Ce désir de renouvellement du centre des affaires n’est pas nouveau puisqu’il fut évoqué à maintes reprises dans le passé récent. Par exemple, au début des années 80, l’idée d’y instituer un sens unique avait provoqué la levée de plusieurs boucliers et l’arrêt de la démarche. Il faut croire que le présent contexte a réuni suffisamment de conditions gagnantes pour en favoriser l’éclosion. Le sentiment de la population locale, la prise de conscience de la vocation touristique du coin, l’arrivée massive de figures étrangères en ville durant l’été, la réalisation de certains aménagements récréo-touristiques, le dynamisme convergent de certaines associations, une administration publique réceptive et branchée, sont autant de facteurs qui concourent à la re-création d’un centre-ville à l’image progressive et moderne.
Ce plan de rajeunissement possède plusieurs qualités.
Il est d’abord stimulant. C’est le printemps et c’est un jalon dans la marche du devenir. Il cultive la fierté et l’appartenance. On est évolutif. Il est en outre mobilisateur. Il regroupe des forces actives. Il donne le goût du chantier à ceux et celles qui se tiennent près de l’action, des lieux de réflexion et de prospection.
Il est racoleur. Il n’y a pas de mal à se soucier de son apparence pour rehausser la qualité de vie de ses citoyens ainsi que pour séduire ceux et celles qui viennent nous visiter afin qu’ils se rappellent en bien de leur passage.
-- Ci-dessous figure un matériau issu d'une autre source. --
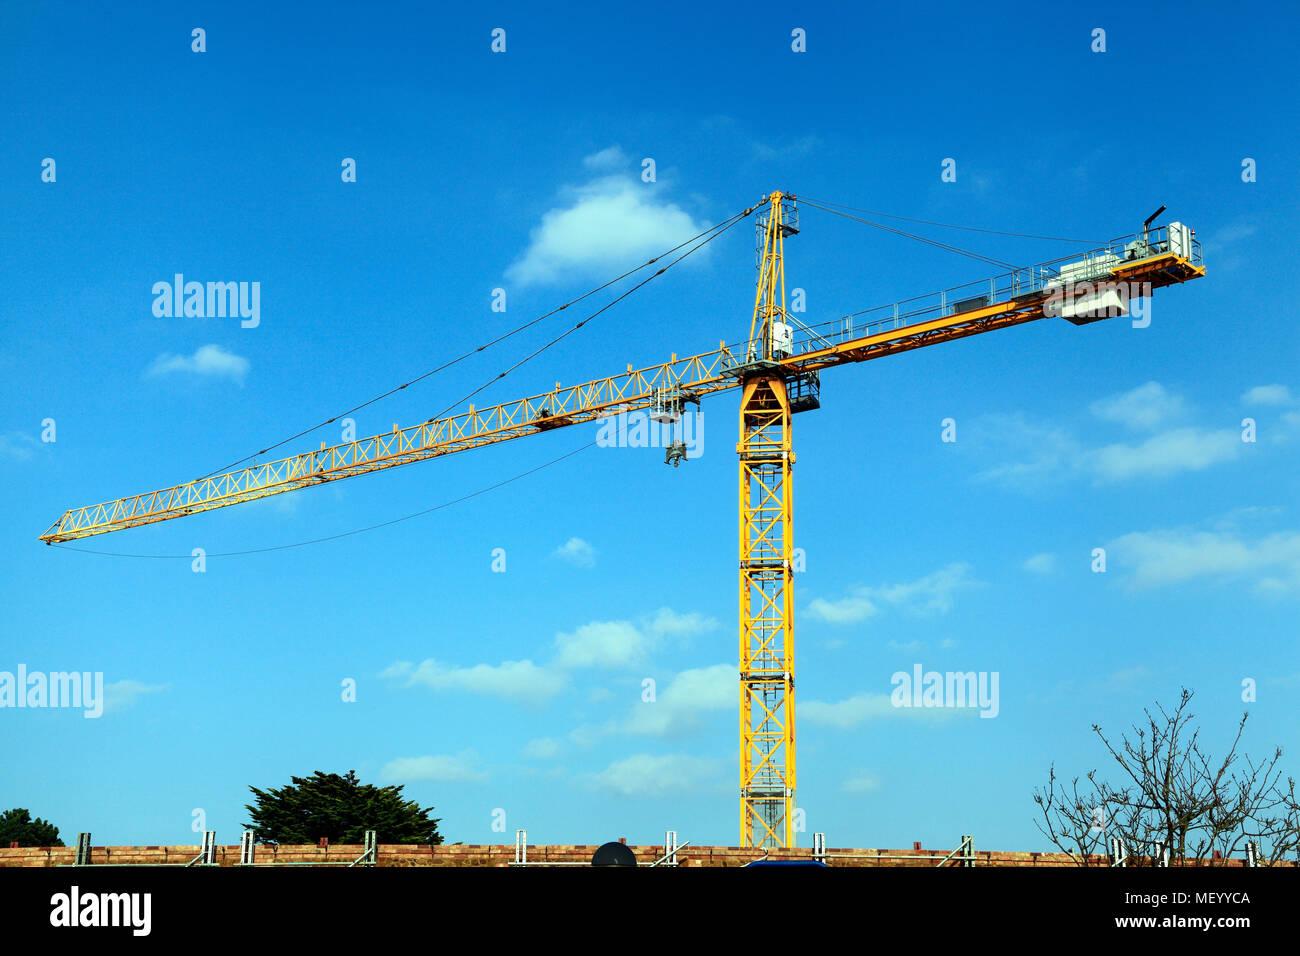 Construction Crane, Building Site, Hunstanton, Norfolk, cranes, sites, England, UK - Stock Image

Aux dires des observateurs, Disraeli a un charme que sa topographie presque insulaire particularise.
Il est consensuel ; il repose sur le consentement d’un grand nombre. D’ailleurs, avec le sens politique aigu qu’on lui connaît, la mairie en avait fait un absolu qui conditionnait son appui et l’engagement ultérieur de la Ville. Le développement d’un milieu repose sur l’implication des forces vives qu’on espère retrouver au sein des associations. Et l’action imparfaite vaudra mieux qu’une parfaite inaction.
Les manches sont retroussées !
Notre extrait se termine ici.